Squidoo LLC.
- Company type: Search Engine
- Industry: Internet
- Founded: 2005
- Successor: HubPages
- Headquarters: Hastings-on-Hudson, New York, USA
- Key people: Seth Godin, Founder; Megan Casey, Cofounding member, Editor in Chief; Gil Hildebrand, Jr., Cofounding member, Chief Engineer; Corey Brown, Cofounding member, COO
- Number of employees: 14
- Website: hubpages.com

= Squidoo =

Revenue-sharing article-writing site

Squidoo was a revenue-sharing article-writing site. Articles were called "lenses". In 2010, the site consisted of 1.5 million lenses as of October 2010. On August 15, 2014, founder Seth Godin announced that HubPages had acquired Squidoo.

==History==
Development started in 2005. The launch team consisted of Seth Godin, his book editor Megan Casey, former Fast Company employee Heath Row, Corey Brown, and Gil Hildebrand, Jr. The first version was developed by Viget Labs.

==Site structure==
Squidoo was a user-generated Web site which allowed users to create multimedia pages without an understanding of HTML. Godin called articles "lenses", because he saw them as "[focusing] light and [showing] us what we need to see." Writers were called "lensmasters". In Squidoo's early stages, Godin noted that Martha Stewart and Jane Goodall's lenses did not receive large amounts of traffic, whereas lenses on myspace and the online game Line Rider were among the site's most successful.

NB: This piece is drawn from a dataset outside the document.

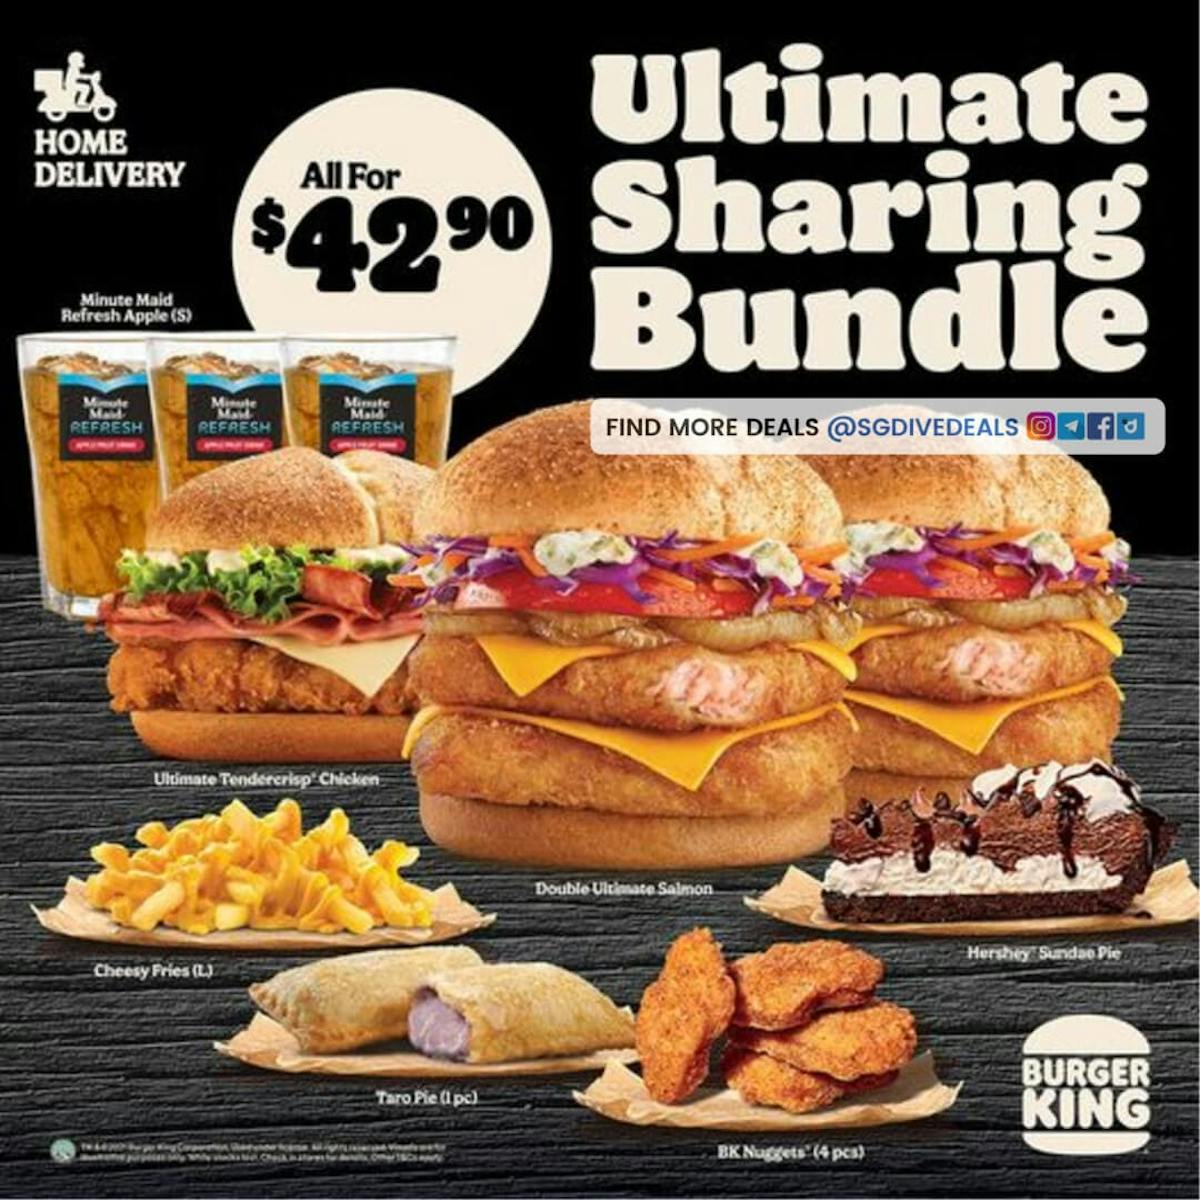 Burger King Ultimate Sharing Bundle Delivery Promo

Godin announced in January 2006 that the company would start a profit-sharing system whereby lensmasters would receive affiliate income from ads they placed in their lenses.

==Reception==
After its debut, Squidoo was profiled in CNN, The New York Times, MSNBC, and The Washington Post. The site was given top prize in South by Southwest's community/wiki category in 2007. Squidoo challenged established information Web sites like About.com and eHow for traffic, while it remained similar in unique visitor numbers to other revenue-sharing sites like Mahalo.com and HubPages.